DICT rolls out rider IDs

MANILA, Philippines — The Department of Information and Communications Technology rolled out digital IDs for delivery riders yesterday, a move meant to curb fraud, protect consumers and finally give legitimate couriers the recognition they’ve long lacked.
The agency launched Phase 2 of its Private Express and Messengerial Delivery Service (PEMEDES) Licensing Portal at the DICT Central Office in Quezon City, introducing the Messenger Work License (MWL) Virtual ID. It is the agency’s biggest step yet toward professionalizing a workforce that has ballooned alongside the country’s e-commerce boom.
“Every delivery matters. Every rider deserves recognition,” said DICT Secretary Henry Aguda. “Through the PEMEDES Licensing portal, we are making delivery services more professional, more accountable and more secure for everyone.”
Built by the DICT Management Information Systems Service, the portal lets riders and operators register online, submit requirements, verify their identity and secure a digital ID. It taps the Philippine Statistics Authority’s e-Verify system for National ID integration and facial recognition. Automated document processing, AI-assisted data extraction and QR-enabled IDs handle the rest, clearing the way for real-time approval once requirements are complete.
The launch drew the industry’s heavy hitters – Go21, Foodpanda, LBC Express, Angkas Padala, Flash Express, JoyRide, PH Global Jet Express, PureRide, Fastrust, Exmer and STO Express, among others.
For riders, the payoff is simple: official recognition, a verified identity and a faster path to compliance. Operators get a reliable way to check credentials. Consumers get the assurance that the person at their door is who they claim to be.

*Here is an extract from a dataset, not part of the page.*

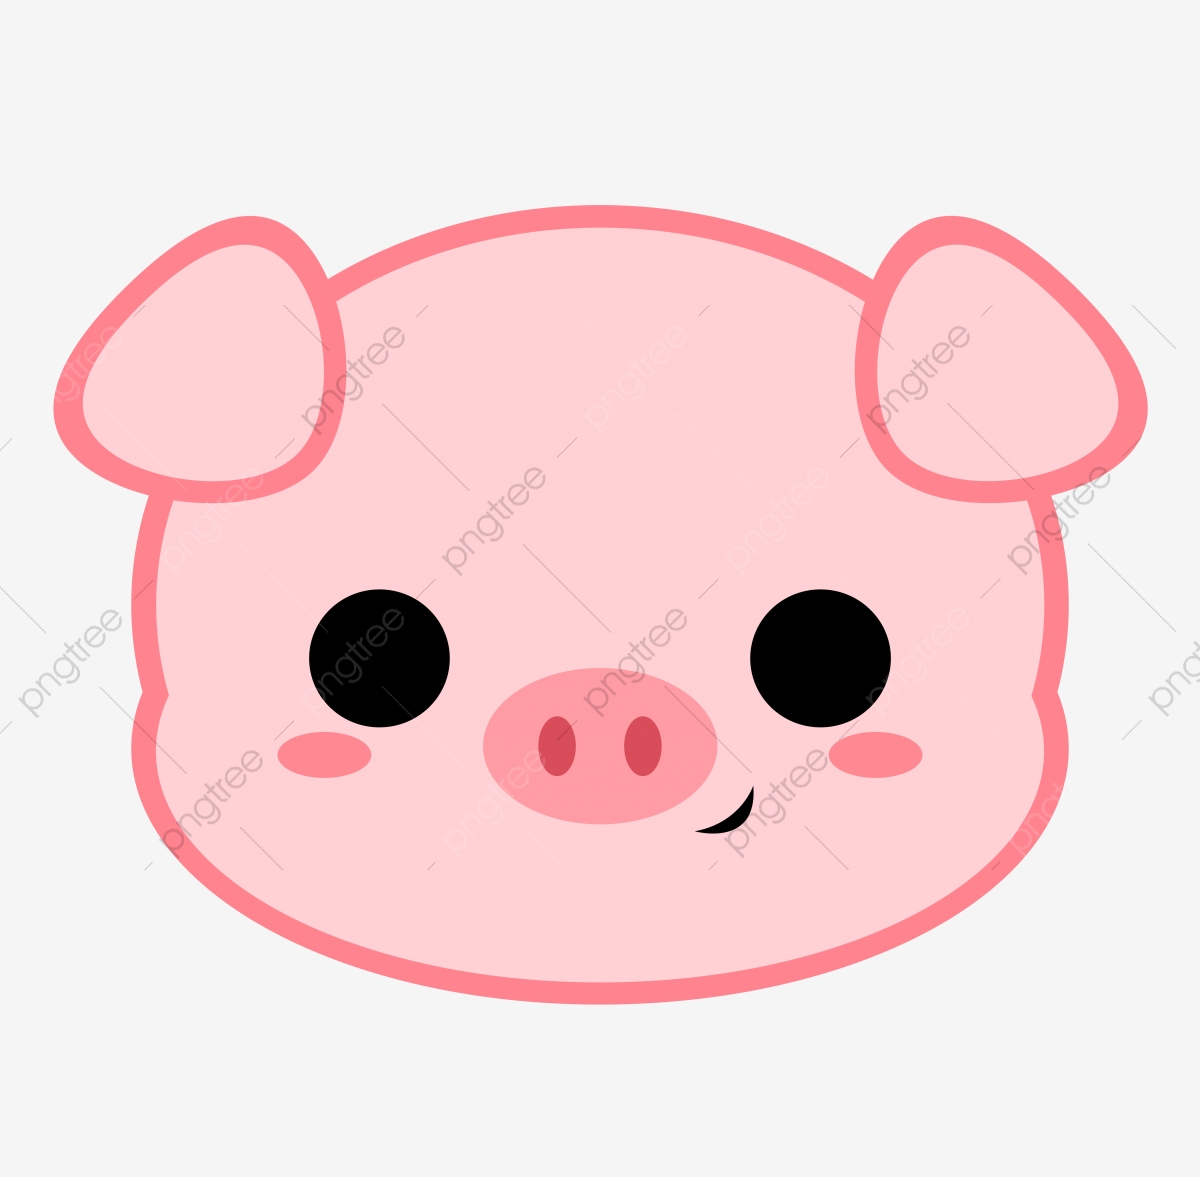 Download Free png Cartoon Pig Head, Pig, Piggy, Animal PNG
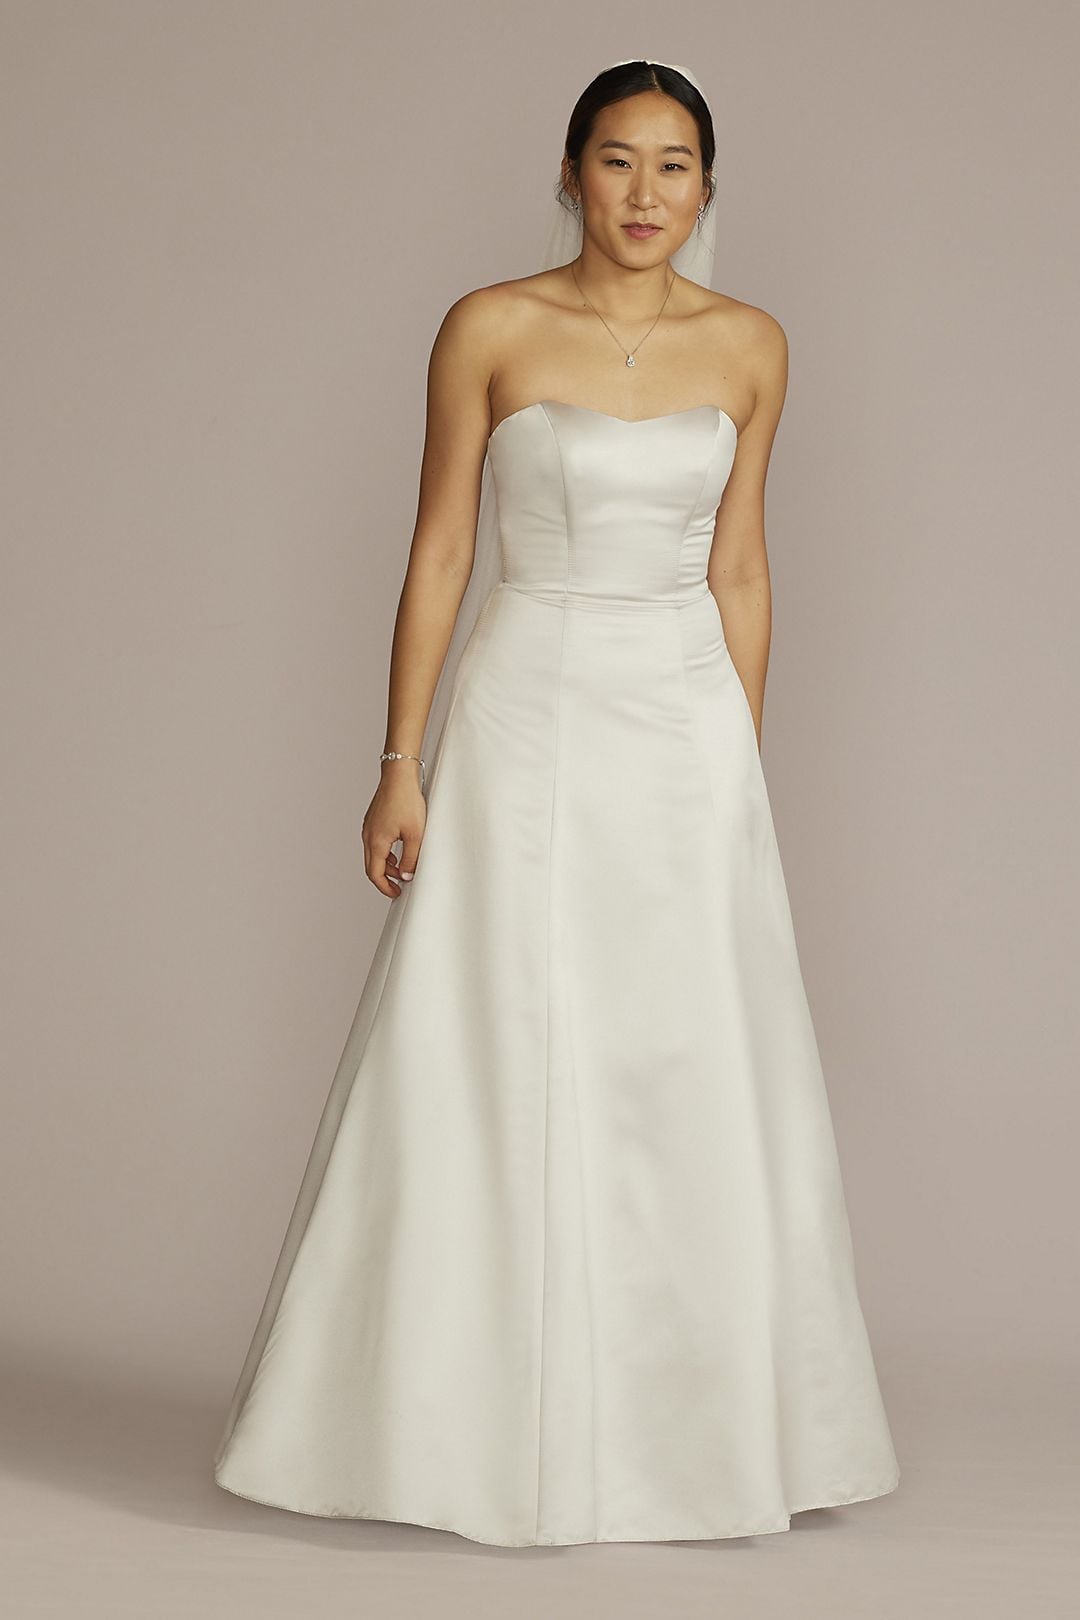 A Simple Modern Wedding Dress: David's Bridal Strapless A-Line Satin Wedding  Dress, 9 Modern Wedding Dresses For the Contemporary Bride

Undersecretary Faye Condez-de Sagon, who supervises the Postal Regulation Division, said the program was built for more than paperwork. “We designed the MWL not just to simplify compliance, but to raise the bar – for accountability, professionalism, and the kind of trust that keeps the whole delivery ecosystem secure,” she said.
The rollout caps a steady push to formalize the sector. Earlier this year, DICT endorsed a consolidated list of qualified messenger-riders for a fuel subsidy program and facilitated cash relief for more than 100,000 delivery riders. With couriers earning roughly P17,000 a month on average, the stakes are real.
The portal is live at register.pemedes.gov.ph.